And then halfway through the rehab, they go, well, you're an alcoholic. I'm like, no, I'm not. My problem isn't that. My problem's Coke's the issue of my life. Right. Like, how many times have you done Coke without drinking first? Ugh.
I was like, well, maybe. And so what I realized was that I had to go to the initial source of the mood-altering substance, which for me was alcohol. And I loved rehab. I fucking loved it. Like, what was it like? Oh, I learned so much there. And how long were you there for? Three.
30 days, the full time. Yeah. I mean, now I think now you have to understand this is I'll be 30 years sober in two weeks. Oh, my God. Congrats. It was a long time ago. Yeah. Thanks. And I had that great sense of relief of like, oh, my God, it's over. Oh, my God, it's over. Thank God it's over. Yes. And and that like.
It sounds weird, but like, I don't have to do it anymore. Yeah. As if. Freedom. Someone was making me, which of course nobody was. That's really an interesting perspective. The, I don't have to do it anymore. And like freedom from it, as opposed to I'm missing out on this thing. It's like, yes, I'm done. That kind of elation. Yes. And yeah, that's, that's really interesting. And that's great that you found that. Jimbaloo sheet.
Did I tell you I met him? Did I ever tell you the story about meeting John? No, no. Ever? No. I can't believe I never did this. Yeah, so Kermit the Frog is hosting The Tonight Show. And afterwards, I go backstage and everybody's there and I look across the room and there's John.
And, you know, I grew up on Saturday Night Live. It's like, I mean, you know, it's... It's still hot right then, the 77. Oh, this is it. That was the peak. The peak. It's Blues Brothers. It's the peak for John. Yeah. And I'm probably 12. Yeah, right. Yeah.

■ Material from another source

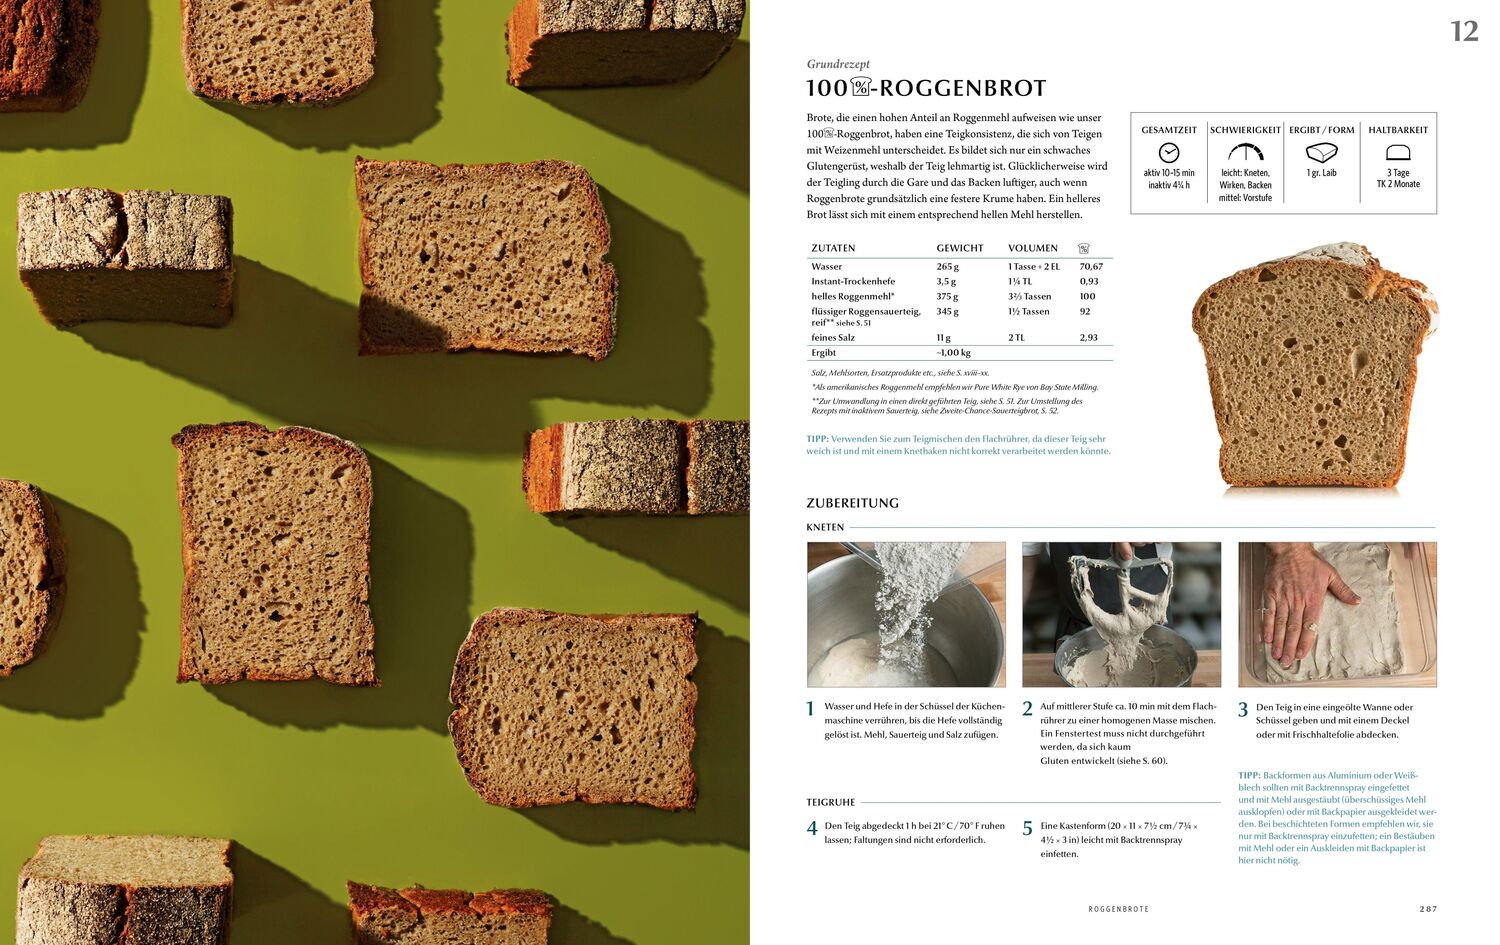 Bild: 9798988713104 | Modernist Bread at Home | Deutsche Ausgabe | Nathan Myhrvold (u. a.)

And I'm looking at him and looking at him, and I was always really ballsy. And John gave off a vibe like, don't fuck with me vibe. Yeah, there's a great quote about him. It says, you know, he always shows you his asshole first. And if you can take the smell, he'll turn around. Oh, my God. So he really put off his air like, don't fuck with me. And if you can handle his attitude, he'd turn around, and he was like the warmest, nicest guy.
Connective person who... Well, he's showing everybody his asshole. Right, right. And I was always a really ballsy kid with a lot of chutzpah. Oh, so he liked that. And so I walked across the room. But first of all, he was staring at me. He was definitely clocking me the whole bit. Right. I don't know, but like, with like, not like a welcome, but just like a clocking me. So I walk over to him as he's staring at me. Right. And I put up my hand.

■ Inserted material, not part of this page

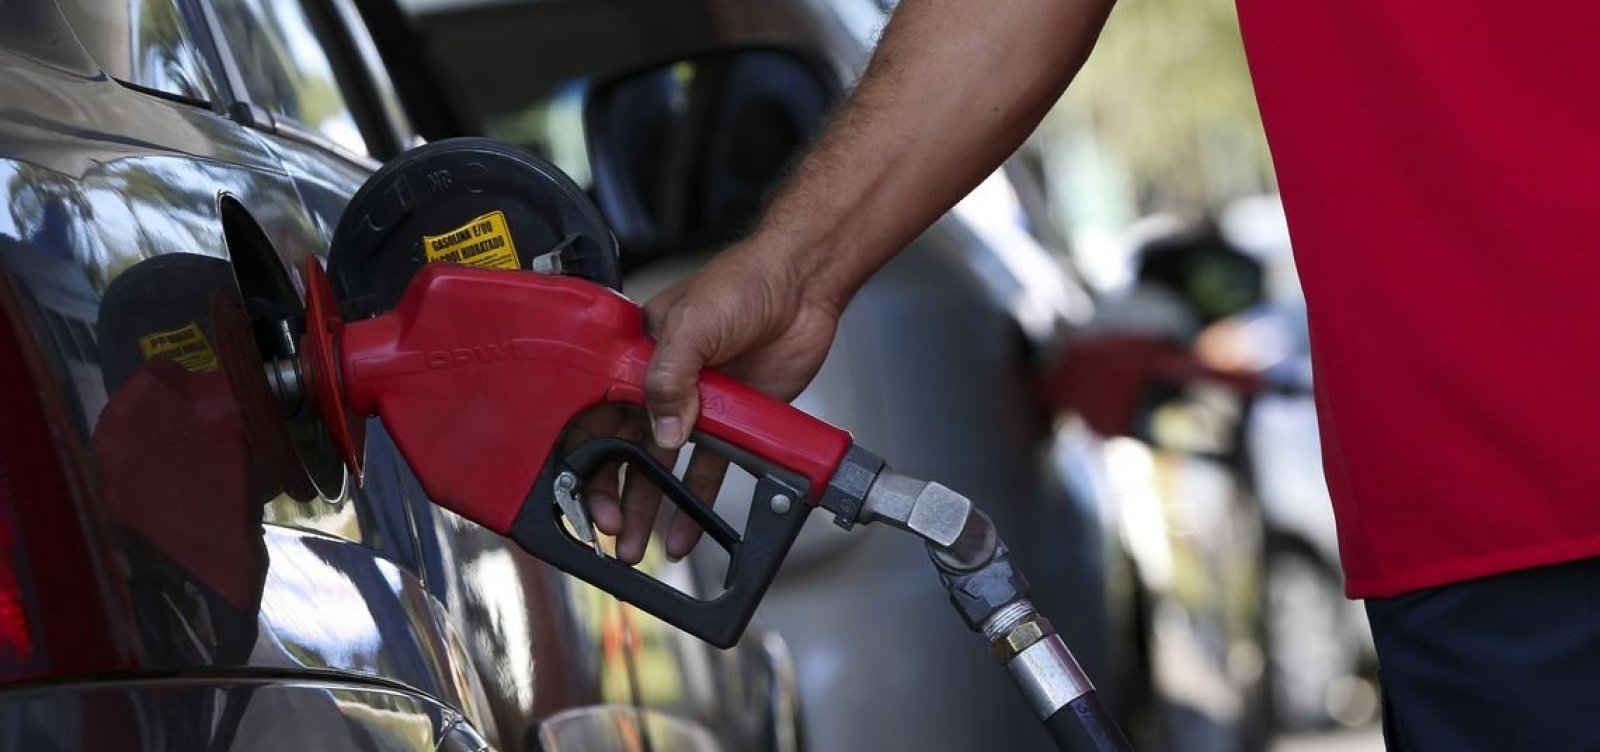 Preço da gasolina pode subir após aumento de pauta do ICMS, diz sindicato

And I say, Mr. Belushi, I'm a big fan of yours and I want to be an actor someday. And he looked at me. He looked me up and down. It seemed like it took for fucking ever. And then he put his hands on my shoulders and said, stay out of the clubs. Stay out of the clubs? And walked away. That was your advice? That was my advice. Stay out of the clubs. If only I had listened. Yeah, right. Bill Murray gave me advice one time. He said,
And he saw me. I was just staring at him, you know, like, wow, you know, you're a star. And, you know, one day I want to be an actor. You know, I didn't say any of that, but it read in my eyes because he stared back at me and he said, don't be in a hurry. Wow. I said, what? He goes, don't be in a hurry. Learn all your character work right now. Do all the work you can right now, because when you become Jim Belushi, you'll have to deliver Jim Belushi each time. Okay. And he goes, another thing.
You know us at Second City, you know, we get paid nothing and you're lean and hungry. But when you go to L.A. and Hollywood, they have this thing called craft service. Stay away from the craft service. And I said, like you just said, I wish I would have listened to it. Free food, he said, Jimmy, free food all the time. Be careful. I, uh.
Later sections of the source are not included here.